Police must now get a warrant before accessing historical cell phone records that provide a full record of the user’s past movements, according to a Supreme Court ruling last week, in a 5-4 decision authored by Chief Justice Roberts. This warrant requirement will be true, even though the records are created and owned by the cell provider and not the user.
Important, but limited
This decision is important but limited. Previously, the law had been that any personal records held by a third party (such as bank records) could be accessed by the police by a simple subpoena.
The rationale for this is that people have no expectation of privacy in records voluntarily conveyed to others. This is known as the “third party doctrine.” But, when it comes to historical cell site location data, the courts will now treat this as an “entirely different species of business record—something that implicates basic Fourth Amendment concerns about arbitrary government power much more directly than corporate tax or payroll ledgers.”
Exceptions
The new exception to the third-party doctrine will only apply to “the rare case where the suspect has a legitimate privacy interest in records held by a third party.” In other words, not every file stored on Dropbox or other cloud service, for example, will be protected.

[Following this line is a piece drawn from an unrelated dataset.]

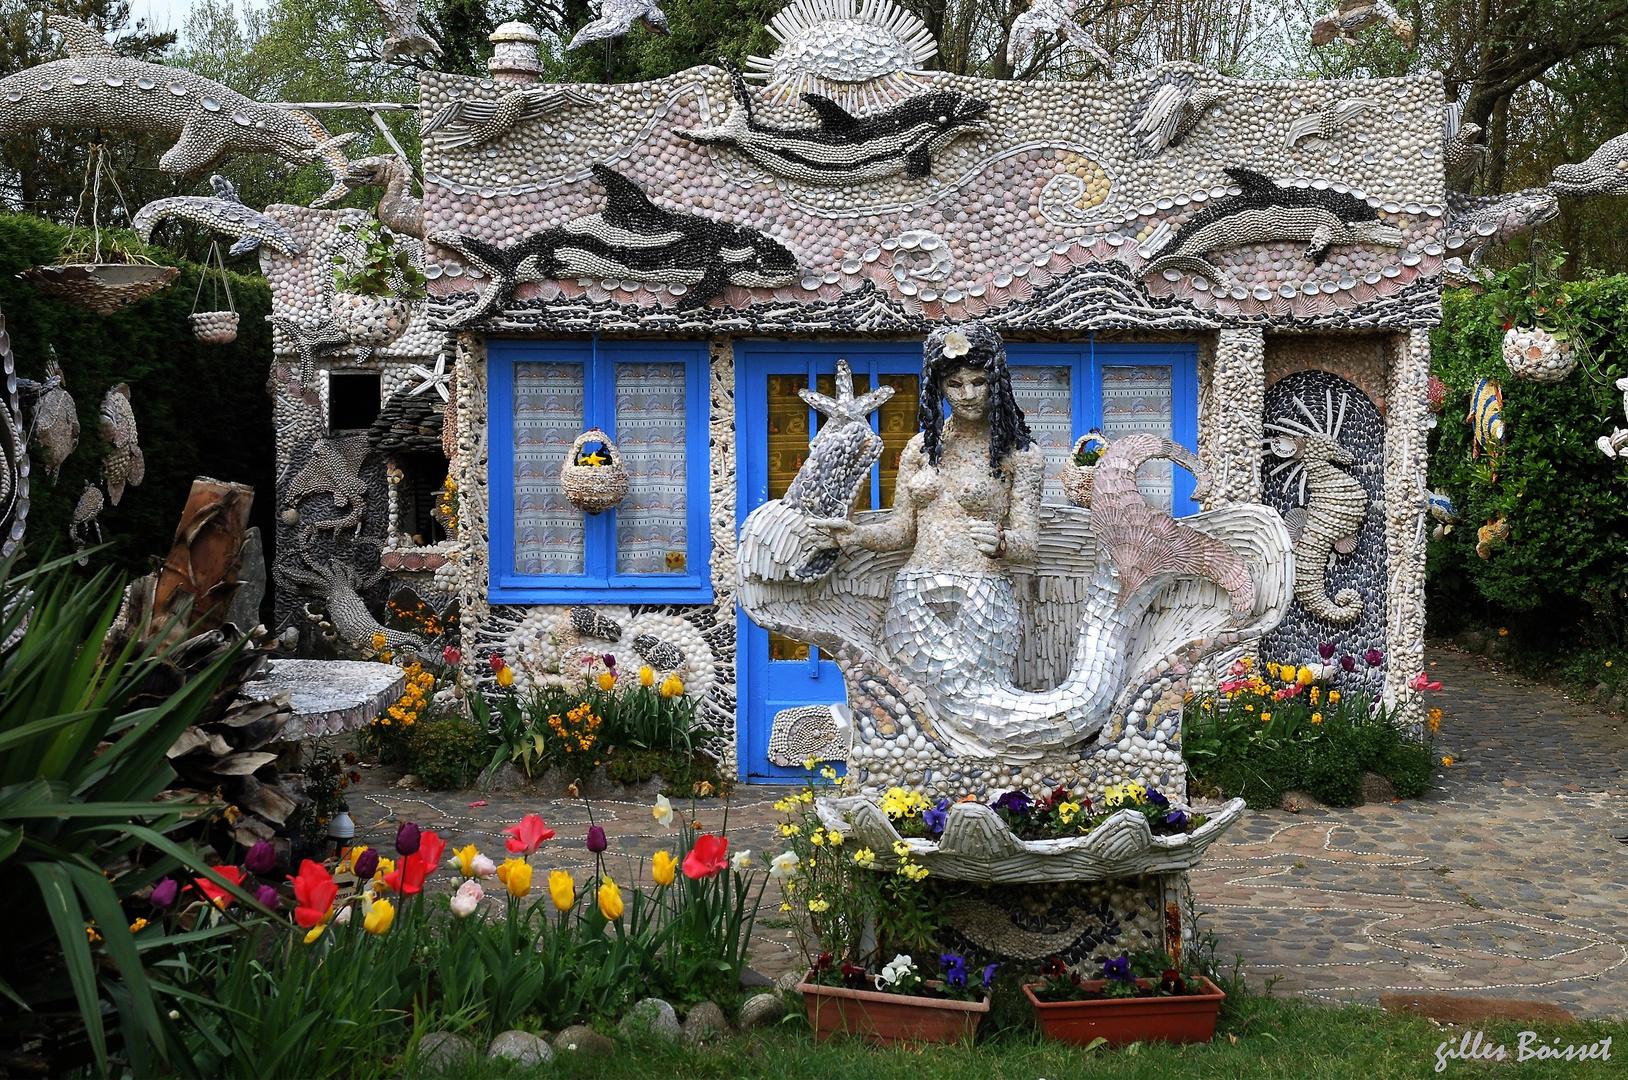 La maison id ale de monsieur cl ment photo et image normandie statues special images - Maison ideale ...
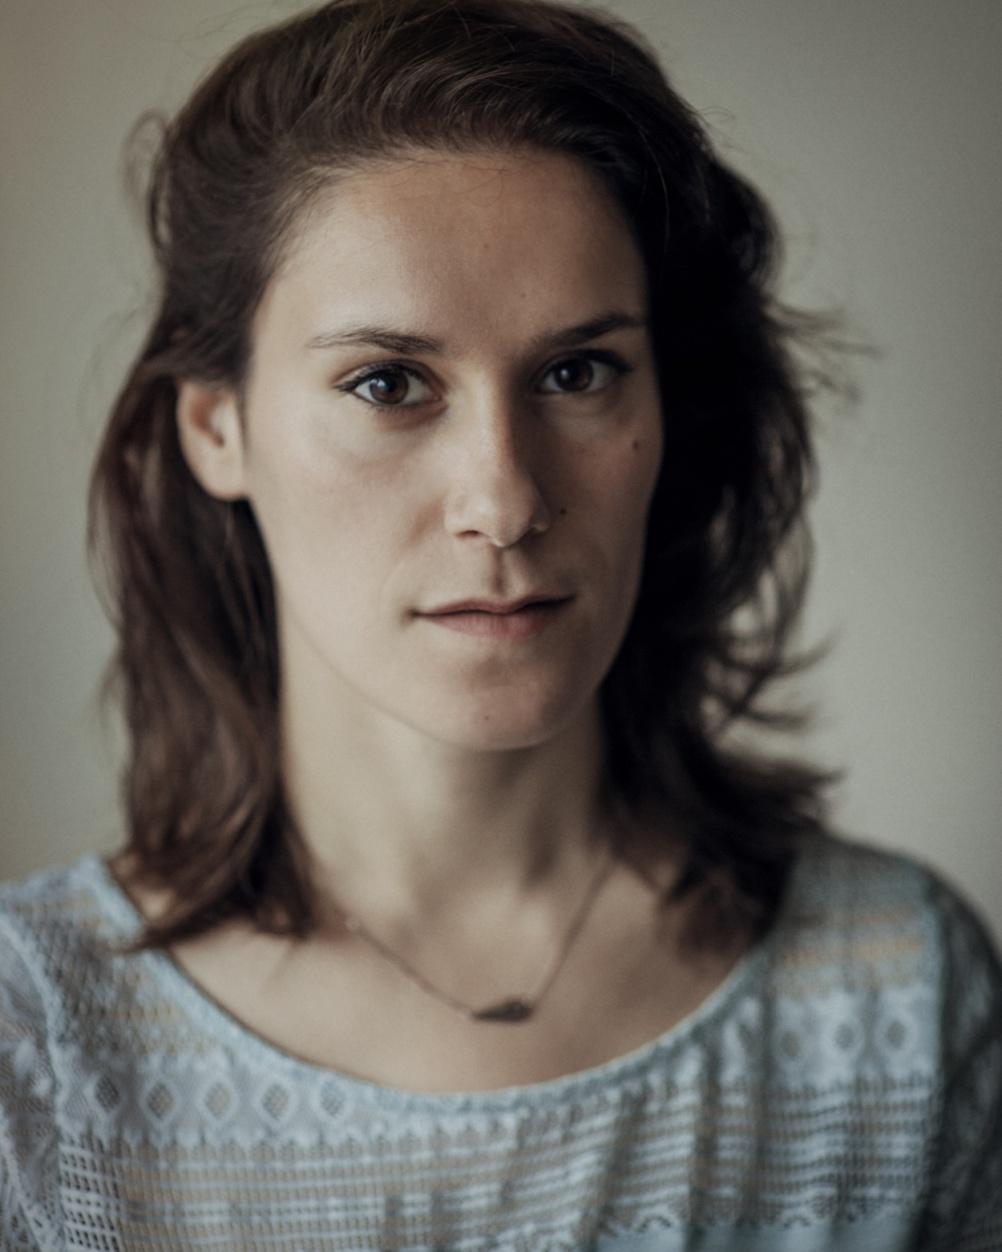 Teresa van Dongen, founder, Studio Teresa van Dongen

For example, people still have no legitimate expectation of privacy in images of suspected child pornography. Furthermore, the Court did not rule that other forms of electronic data collection would require a warrant, such as real-time cell tower location tracking, video surveillance, or “other business records that might incidentally reveal location information.”
Government’s obligation
However, when it comes to historical location information that is “detailed, encyclopedic, and effortlessly compiled,” the Court ruled that “the Government’s obligation is a familiar one—get a warrant.”